Chuene has defended his decision to field the 800m champion in Berlin by saying that ‘no reasons were given to him on why he should withdraw Semenya from the championships”.

Adams asks: ‘The question is: why did Chuene suddenly doubt my credibility when I have such credentials behind my name? Did Chuene consult with the ‘high-powered politicians’ to merely get an endorsement and political backing for his preconceived plan of getting a medal at all costs?”

At Chuene’s request, Adams arranged the meeting with the IAAF’s medical team, where he said Semenya’s withdrawal would be unacceptable to top-level politicians and the South African government. ‘He told me to keep quiet in that meeting and that he and Maponyane would defend the country’s position …”

On Tuesday Chuene told Parliament’s sports committee that the IAAF medical team gave him two options during their meeting: the first, that Semenya should fake an injury and withdraw from the race, which Chuene rejected as ‘unethical”, and the second that ‘she run and finish and the matter can be addressed after the race. Chuene was not comfortable with this option.”

But Adams says that the IAAF team made it clear ‘that Semenya could compete at the World Championships, on condition that she accepted that she would be subjected to the IAAF’s gender verification tests in Berlin and that, if any unfair advantage was detected on the part of her, she would be stripped of any medal she might have won at the championships; or that Semenya is withdrawn from the world championships.

‘If [the latter] was to be the option exercised, the IAAF was comfortable with ASA handling the matter of the gender verification tests back in South Africa and a report on the said tests sent to the IAAF.”

The Democratic Alliance’s Donald Lee said Chuene should be ‘ashamed of the role he has played in this saga. It is disgraceful that he has never been admonished, much less dismissed, for his role in violating the dignity of Caster Semenya. He needs to be held accountable and needs to step down as the head of ASA.”

Last month the M&G exposed Chuene’s trail of lies, including his claim that no gender tests had been conducted on Semenya in South Africa.
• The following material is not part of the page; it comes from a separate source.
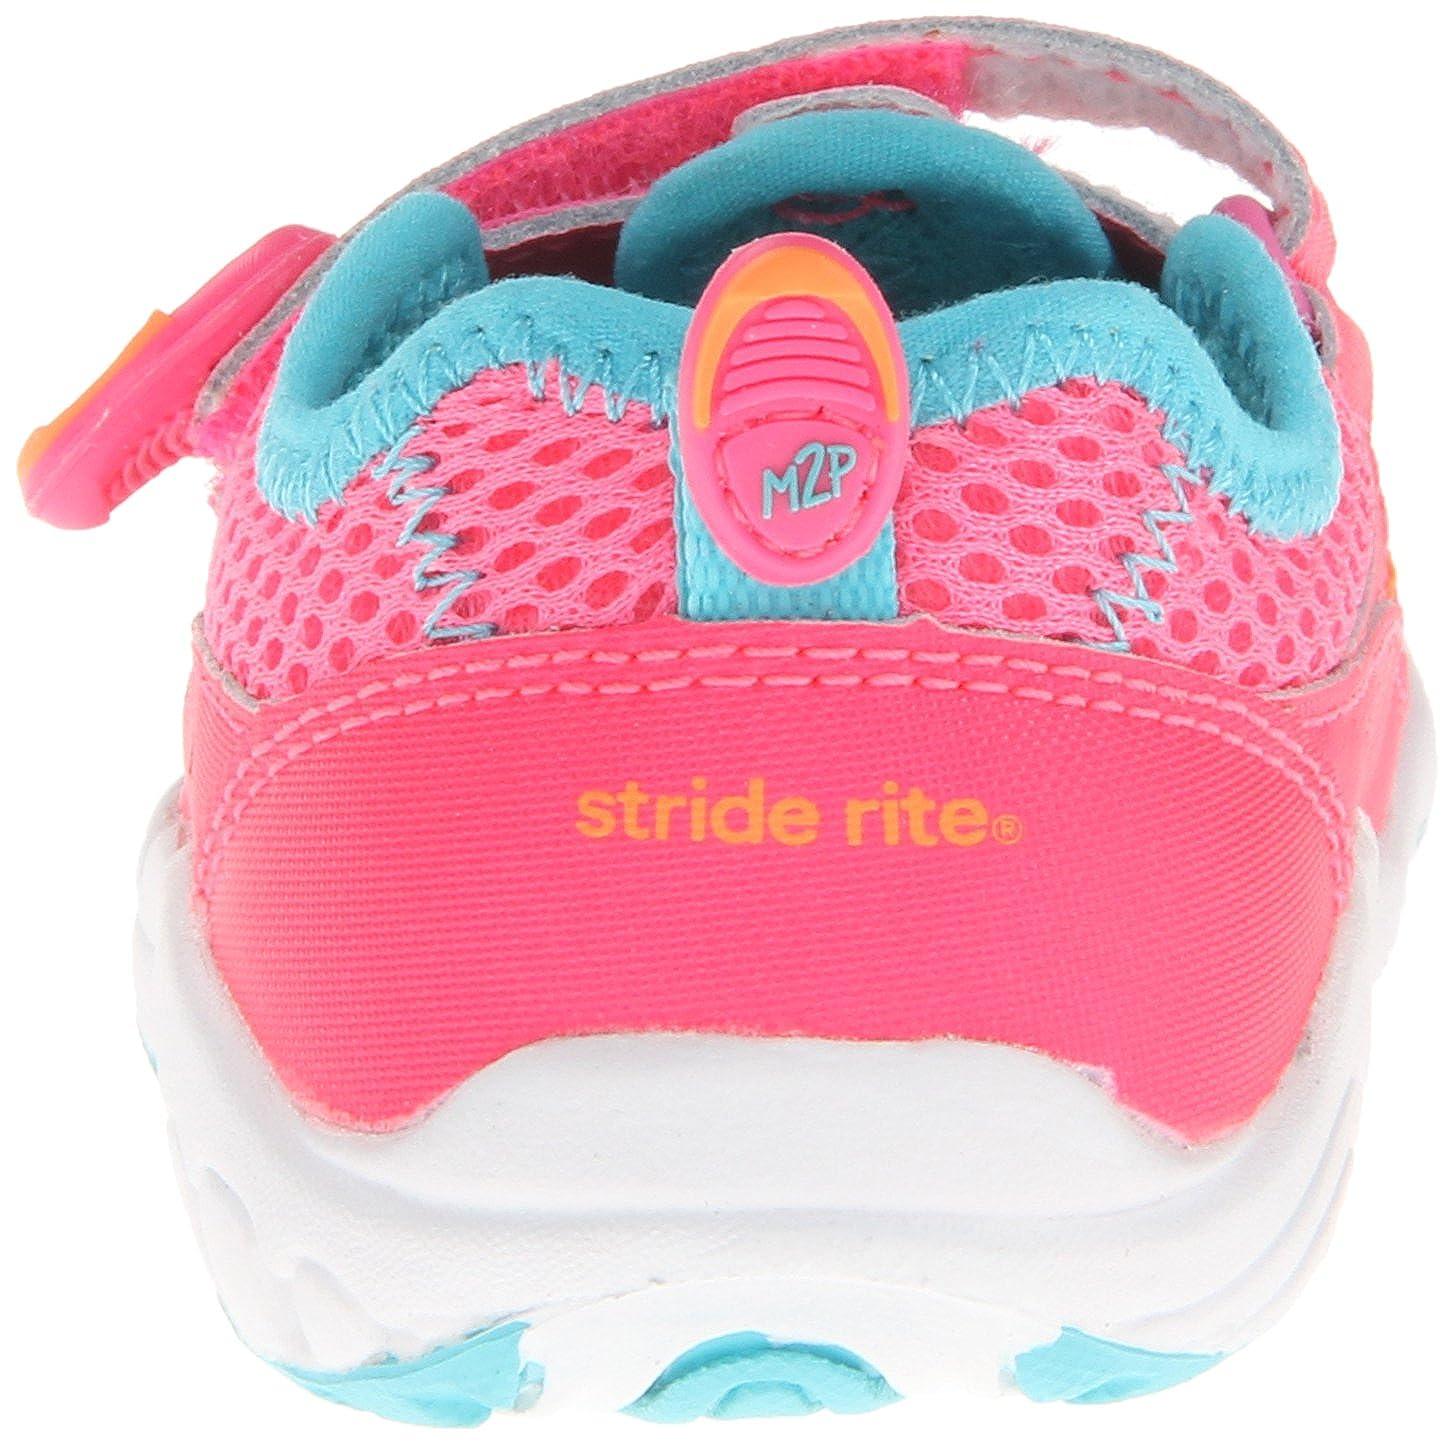 K Toddler M2P Baby Aqua Stride Rite Made 2 Play  Baby Aqua Flat

The report says that Chuene asked Adams to be present at his press conferences to confirm this claim to put the matter to rest ‘once and for all”.

Adams turned down both requests because he could not endorse a lie.

‘I sincerely believe that Chuene’s decision to refuse that Semenya be withdrawn was … reckless, short-sighted and grossly irresponsible. Chuene’s orgy of lies had absolutely nothing to do with Semenya but all had to do with Chuene’s selfish interest to cover his back at the expense of Semenya’s welfare,” Adams says.

Youth league president Malema continues to give public support to Chuene, and the ANC’s Caster Semenya task team also attacked the IAAF this week, saying the gender tests ‘were not conducted in keeping with their own stated gender verification policies and rules”.

It demanded that the IAAF make a public apology.

Sources said Adams was reluctant to present his report to the task team on Tuesday because the ANC had already taken a position.

‘The whole thing was well planned; everyone is now blaming the IAAF and this was part of the plan,” the senior official said.